UPDATE: China agrees to return drone WASHINGTON: The same day the US Navy made its case for a much larger fleet of 355 ships, the Chinese navy seized an American underwater drone 50 nautical miles off the Philippines. Just two days earlier, the independent Asia Maritime Transparency Initiative reported China had fortified the artificial islands it has built in disputed waters off the Philippines, emplacing anti-aircraft guns and probably short-range missile defenses as well. If the US Navy needed help convincing Congress to fund a larger fleet, their Chinese counterparts are making a strong case.
[UPDATE: Early Saturday afternoon, the Pentagon said China had agreed to return the Unmanned Underwater Vehicle: “Through direct engagement with Chinese authorities, we have secured an understanding that the Chinese will return the UUV to the United States.” It’s possible the Chinese are feeling remorse, or that the captain who seized the drone acted without orders, but it’s also entirely possible Beijing feels it’s made its point that other nations operate in the South China Sea only on Chinese sufferance. 24 hours is also probably plenty of time for China’s skilled hackers to copy the drone’s software, for use by Chinese drone makers, and download the data it collected, although this was apparently only routine oceanographic data like salinity.]
A particularly unsettling detail about the drone-napping incident is the perpetrators came from the Chinese navy, not the Chinese coast guard. In recent years the two services have played good cop/bad cop, with the white-hulled civilian vessels of the coast guard aggressively approaching foreign vessels while the grey-hulled military vessels of the navy held back, reducing the risk of a dangerous incident between warships. In at least one case, a Chinese naval captain intervened to stop Chinese civilian vessels harassing US Navy ships. But in this incident, a Chinese navy vessel snatched a drone under the nose of its mothership, the unarmed survey ship USNS Bowditch, as the Americans were trying to bring the UUV aboard.
The armaments on the disputed islets also represent an escalation, as much as China might try to present them as purely defensive measures consistent with its past promises not to “militarize” the South China Sea. Many of the paved-over coral reefs now support long runways suitable for fighter jets; the new anti-aircraft and anti-missile systems make those airfields tougher targets and thus better bases for air operations of all kinds, including offensive ones.
This is a major development,” said Greg Poling of the Center for Strategic & International Studies, which runs the Asia Maritime Transparency Institute. “It shows that China is serious about defending these features and is prepping for potential conflict. Along with the hangars, runways, [etc.], it continues a pattern of constructing all the hard infrastructure necessary for a fully functioning air and naval base and then claiming it isn’t militarization because the first combat aircraft haven’t landed — yet. The next steps will be deployments of mobile surface to air missile platforms — such as the HQ9 on Woody Island in the Paracels — which will provide the first line of defense, backed up by these point defenses. We will also presumably see the deployment of fighter jets: After all, China didn’t build these air bases to leave them empty.”

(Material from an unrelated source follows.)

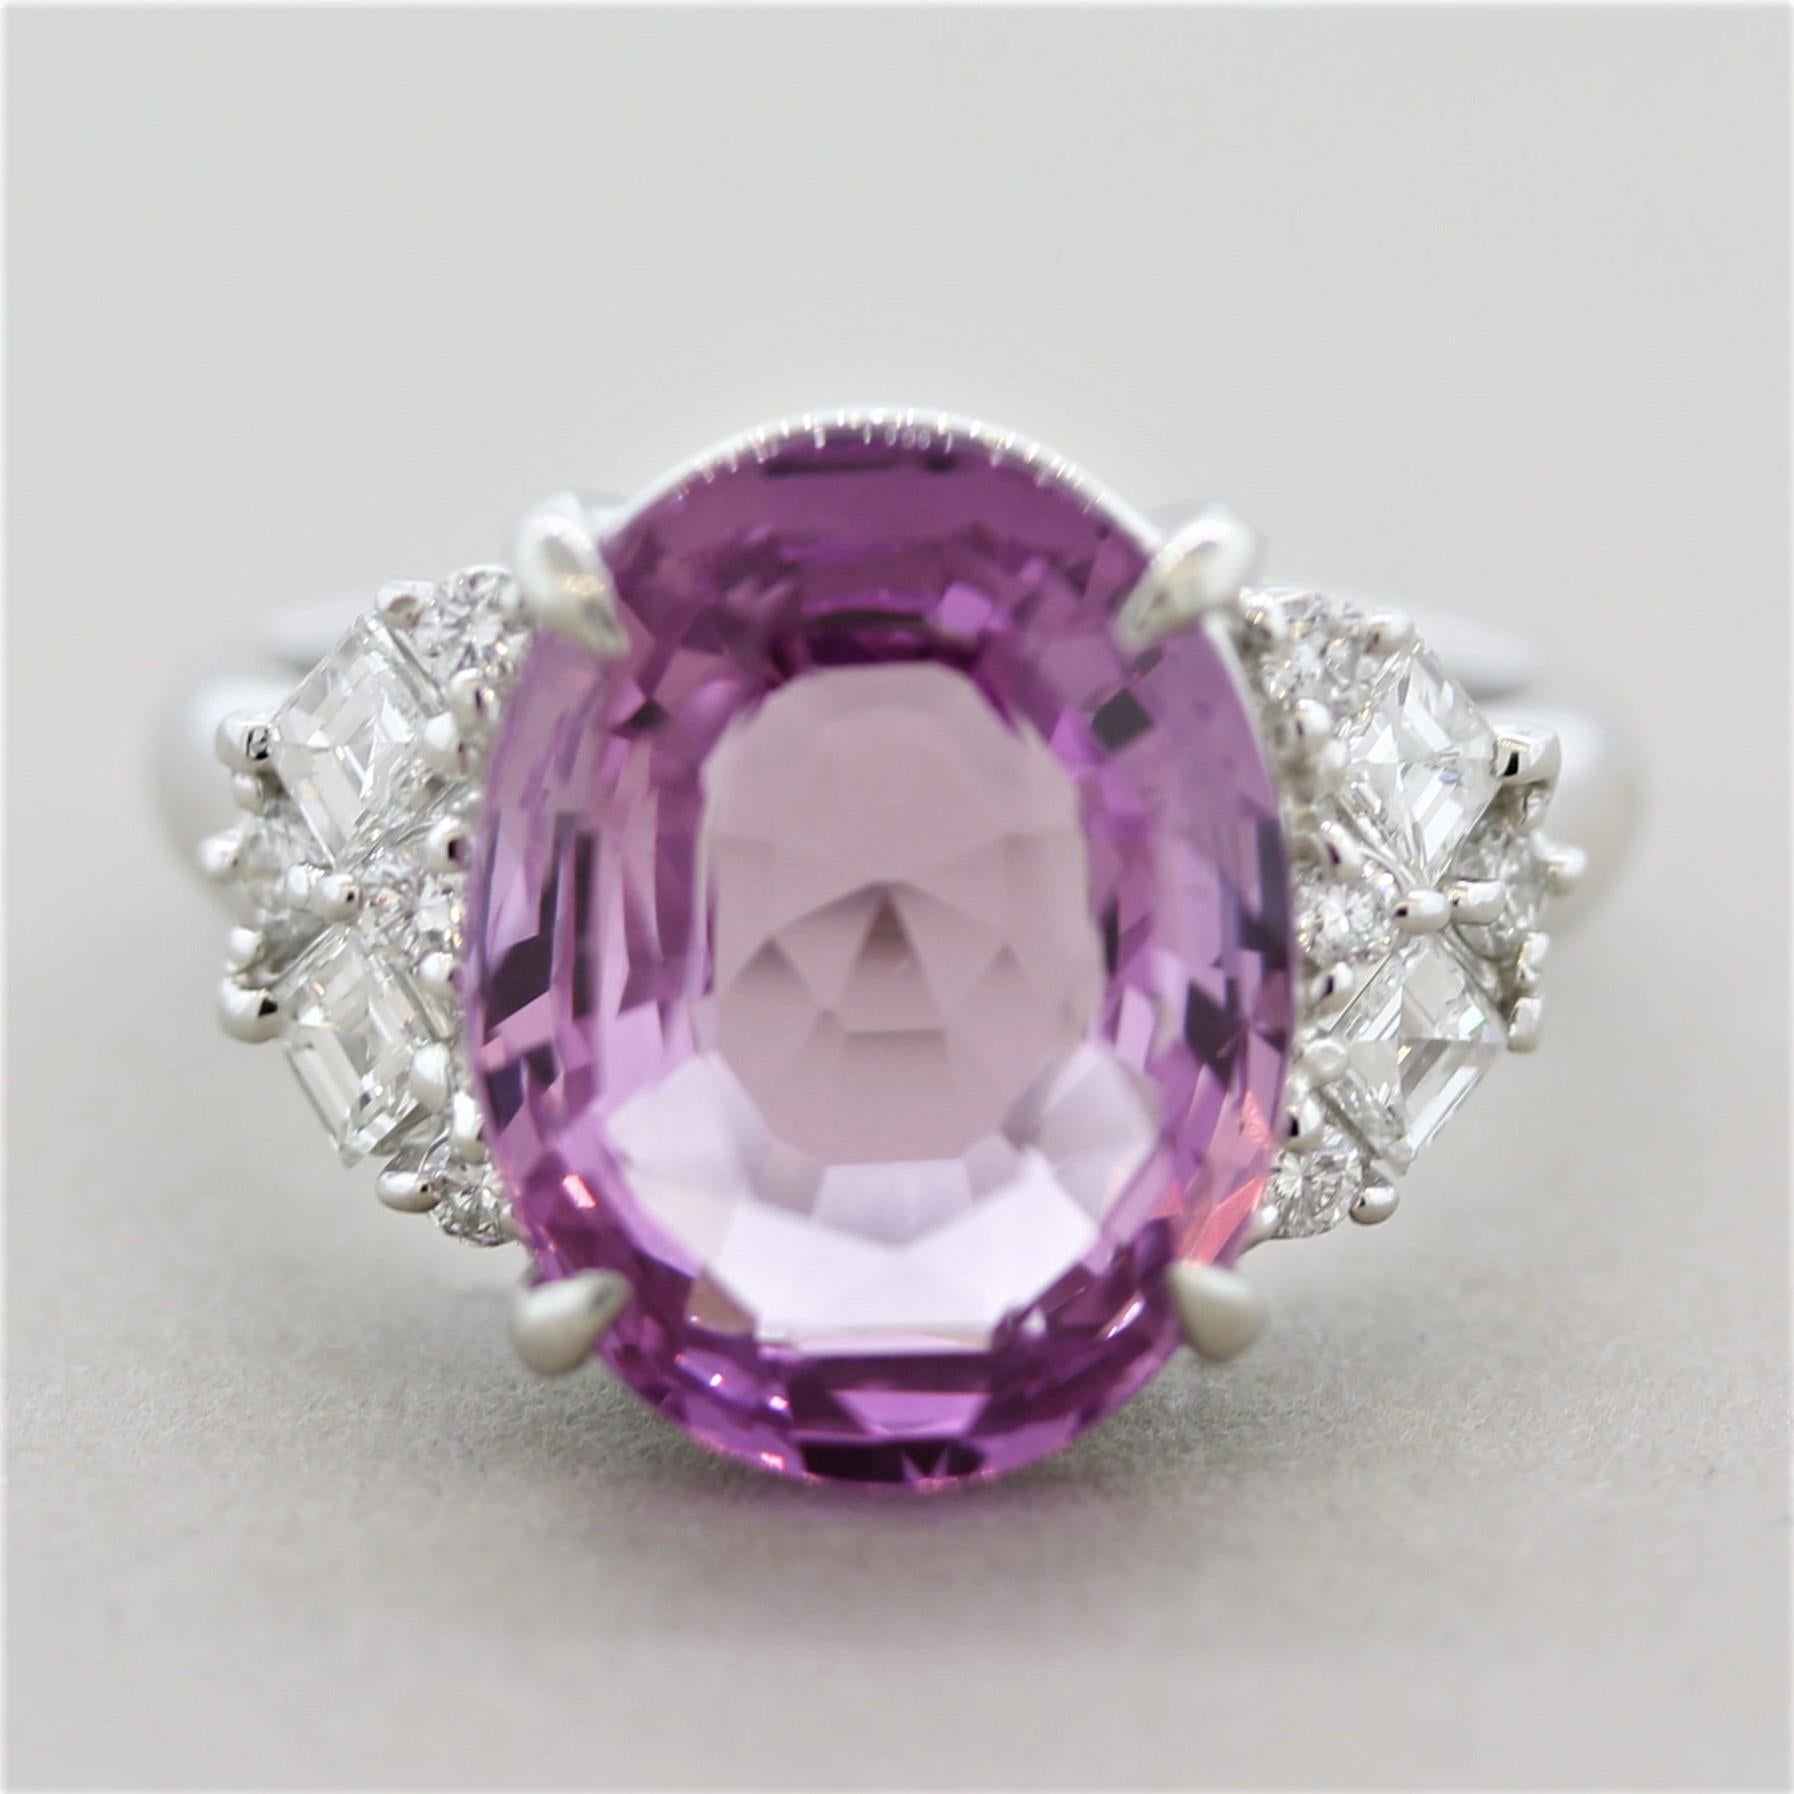 A large and impressive 8.04 carat purple-pink sapphire certified as natural by the GIA! It has a beautiful rich purple-pink color and is free from any eye-visible inclusions allowing the stones natural brilliance to showcase. It is accented by 0.64

Added fellow CSIS scholar Bonnie Glaser, “I believe there have been discussions between the US and China about the meaning of ‘non-militarization of the features in the South China Sea, but to date no agreed upon definition has been made public, and perhaps has not been reached. Emplacement of radar and point-defense systems is militarization. These systems, while intended for ‘self-defense,’ will enable China to better defend these military outposts in a potential conflict.”
Both the artificial-island outposts and the drone seizure show China’s skill with legal grey zones. While an international tribunal ruled against China’s claims to own the entire South China Sea and said its island-building did not create new sovereign territory, all the countries around the Sea have overlapping claims that muddy the question considerably, and none of them wants to be the one to bell the Chinese cat. Likewise, while Pentagon spokesman Peter Cook claimed the underwater drone was “a sovereign immune vessel of the United States” just like a manned craft, UUVs haven’t been around long enough to create much custom or precedent about their legal status, and the emotions stirred up by drone-napping are nothing like those aroused by detaining human sailors. It’s a murky legal, geopolitical, and military situation that the US is still struggling to find a strategy for.